Josie tomó a Chris por el brazo, muy seria, y le indicó un sector del terreno. Era donde los trabajos aún estaban atrasados, y sólo se veían las zanjas de los cimientos, cuyos extremos terminaban en la alambrada.

—Fíjate en eso —dijo la mulata.

Chris siguió la dirección que le indicaba la aguda y filosa uña de su amiga. Vio un agujero en la cerca, disimulado por una pila de sacos de cemento. Posiblemente los albañiles se habían visto obligados a abrirlo para cavar el foso, y luego habían desplazado tres o cuatro sacos para taparlo a medias. Calculó que el boquete no era mayor de dos palmos de altura y tres de ancho, a ras del suelo.

—¿Crees que podríamos pasar? —inquirió Moco.

Chris observó detenidamente el lugar.

—Pasar, sí —declaró—. Pero ¿qué ocurriría después?

—Lo veríamos después —terció Josie, excitada—. Moco y yo estamos decididas a intentarlo. ¿Vienes con nosotras?

Chris se vio reflejada en los oscuros ojos de su amiga.
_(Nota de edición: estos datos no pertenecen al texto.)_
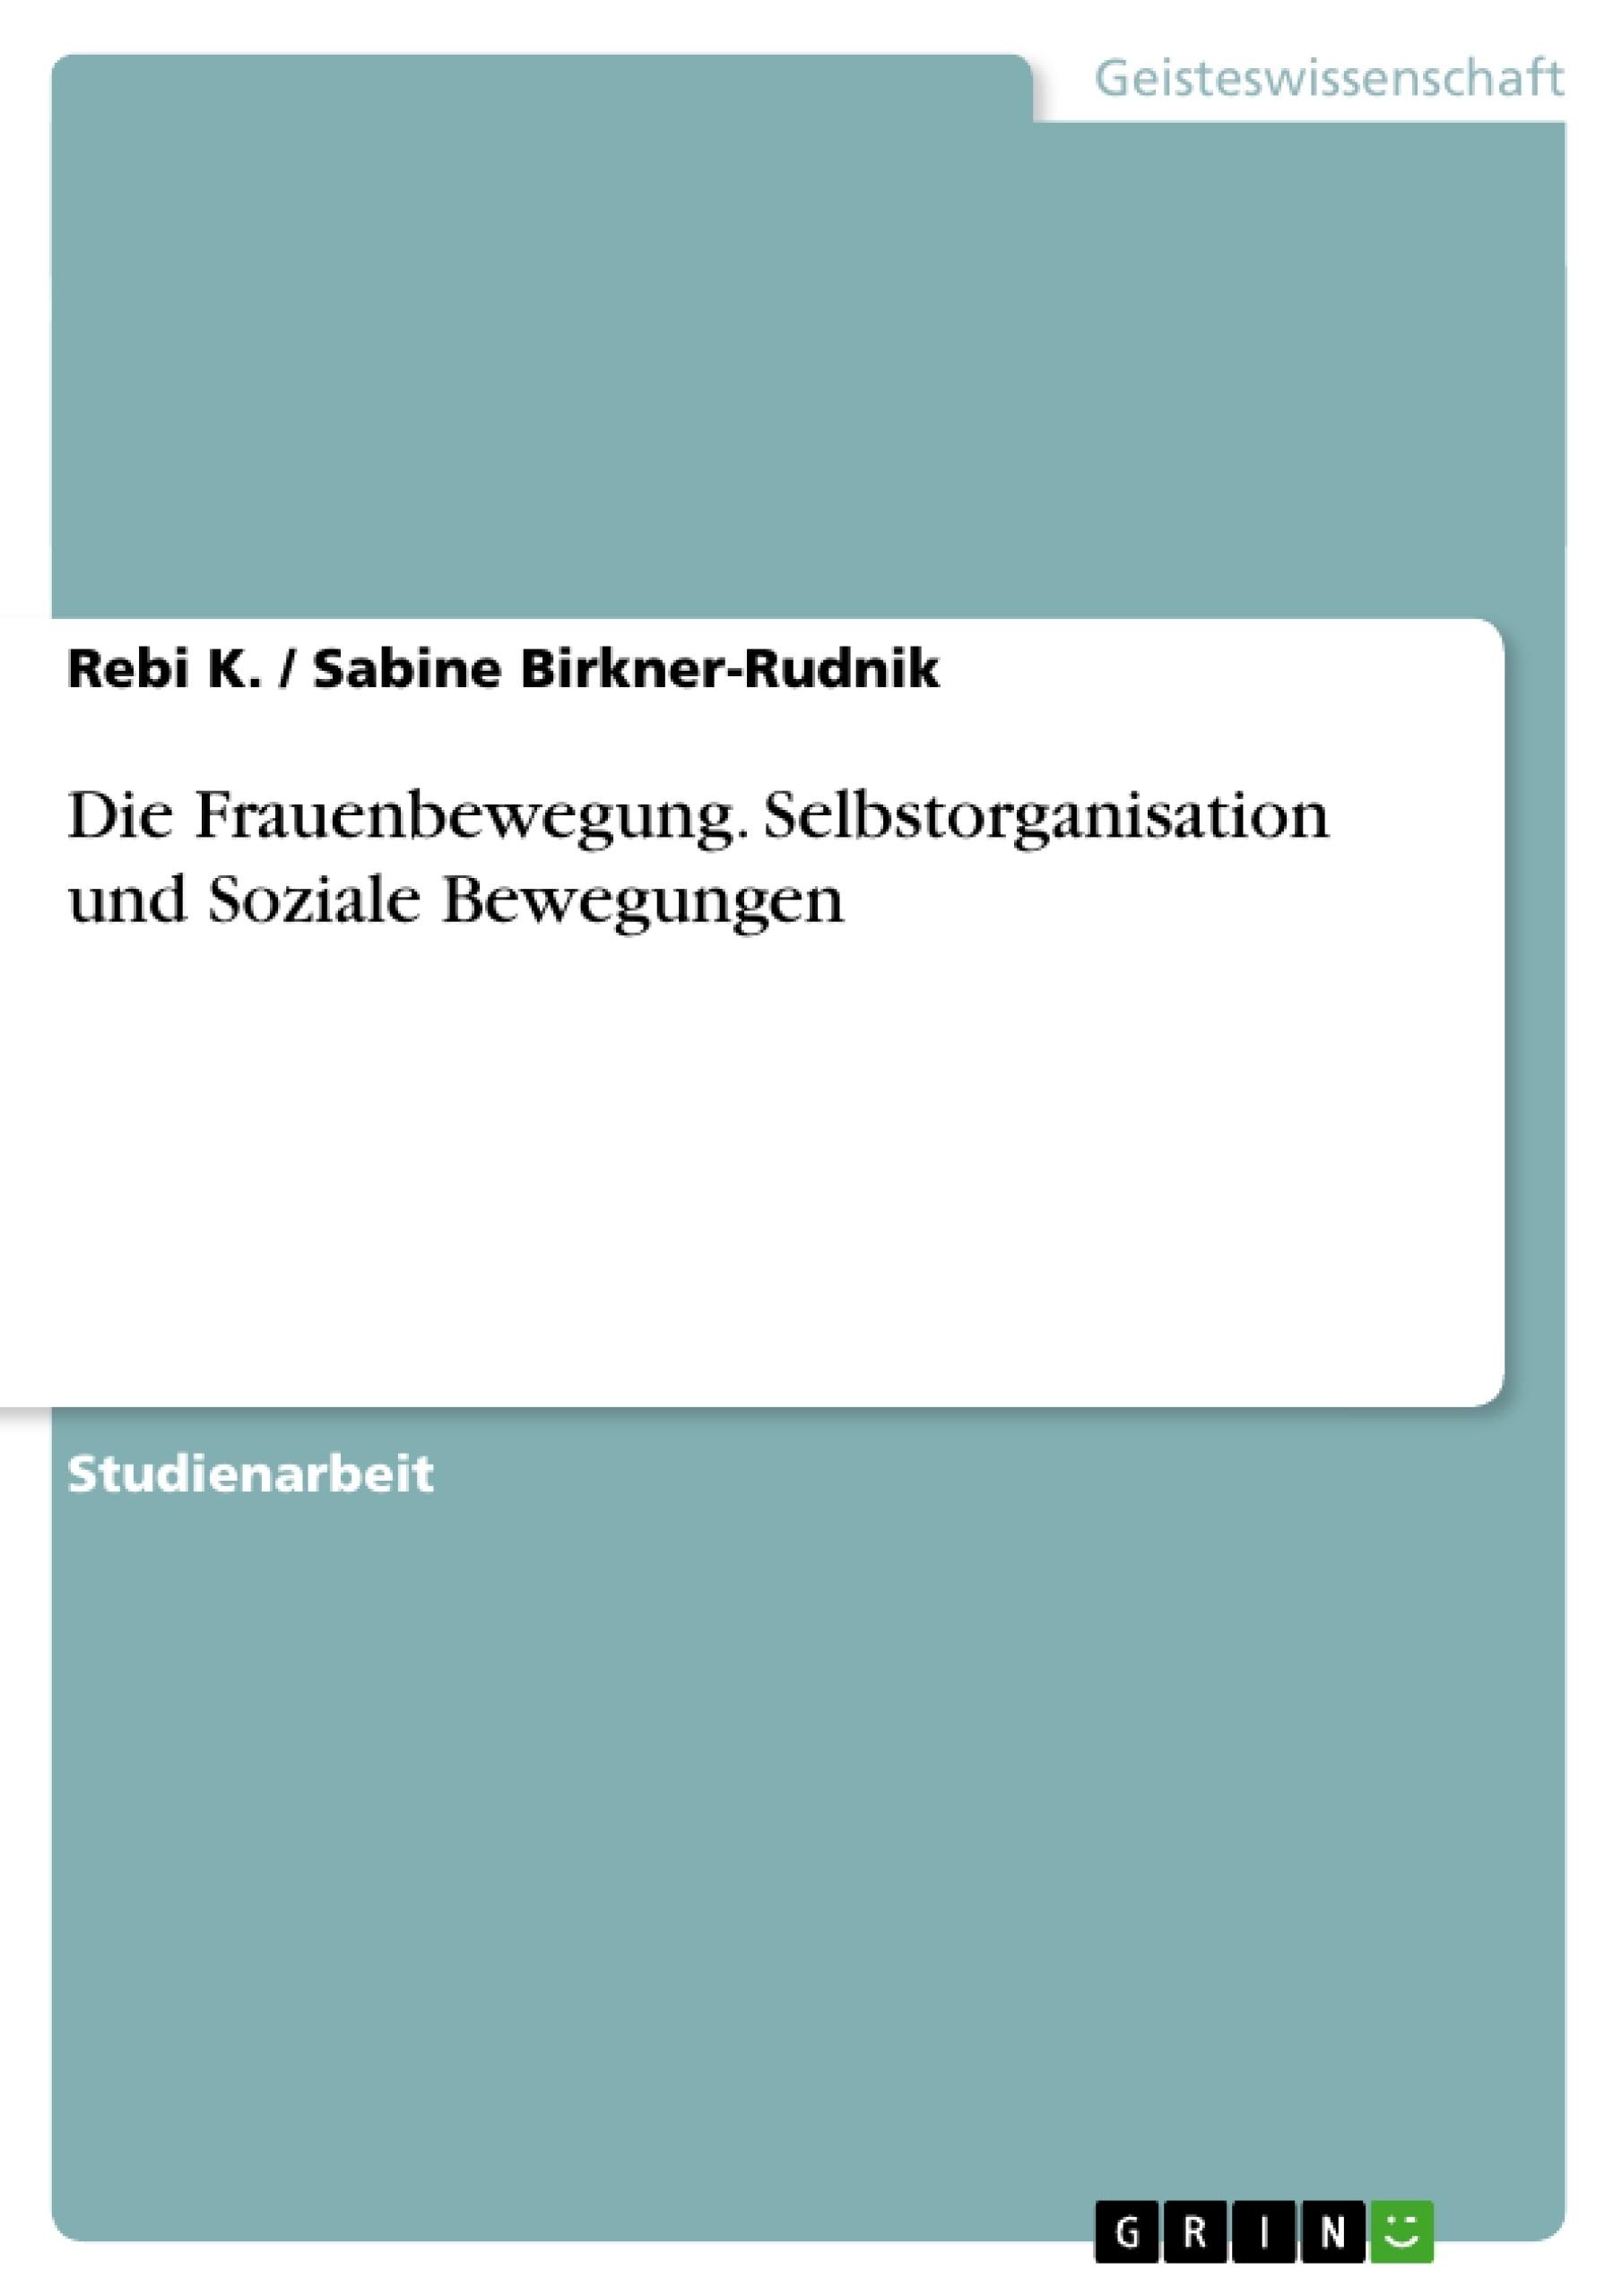 Titel: Die Frauenbewegung. Selbstorganisation und Soziale Bewegungen

Como en un film alocado, desfilaron por su mente una serie de imágenes e ideas. Tom, Janie, Chantal, Brian, Bárbara; las carreteras interminables y los guardias acechantes. Sabía muy bien que no era fácil huir continuamente y que el mundo exterior no era un paraíso. Pero la sola idea de la fuga hacía que su sangre se acelerara en las venas y la monotonía de cuatro años de encierro resultara insoportable. Además estaban ellas: Josie y Moco. Si ambas se iban, quedarse en el «pesebre» ya no tendría sentido. Chris supo que no podía resolverlo en ese momento.

—Puede ser que os acompañe —prometió vagamente—. Dejadme pensarlo unos días.

—Unos minutos —dijo Moco—. Los «proletarios» regresan el lunes y pueden cerrarnos la puerta. Y aunque ellos la dejaran, Lasko y las otras lo descubrirán en cualquier momento. No podemos perder tiempo.

—Pensamos hacerlo mañana —concretó Josie—, aprovechando la confusión de la hora de visitas.

—Vagaremos por allí con aire desprevenido, y al primer descuido: ¡zip! —describió Moco—. ¿Qué dices?

Chris alzó los hombros y se mordió los labios en un gesto de duda. Miró largamente el agujero, antes de responder.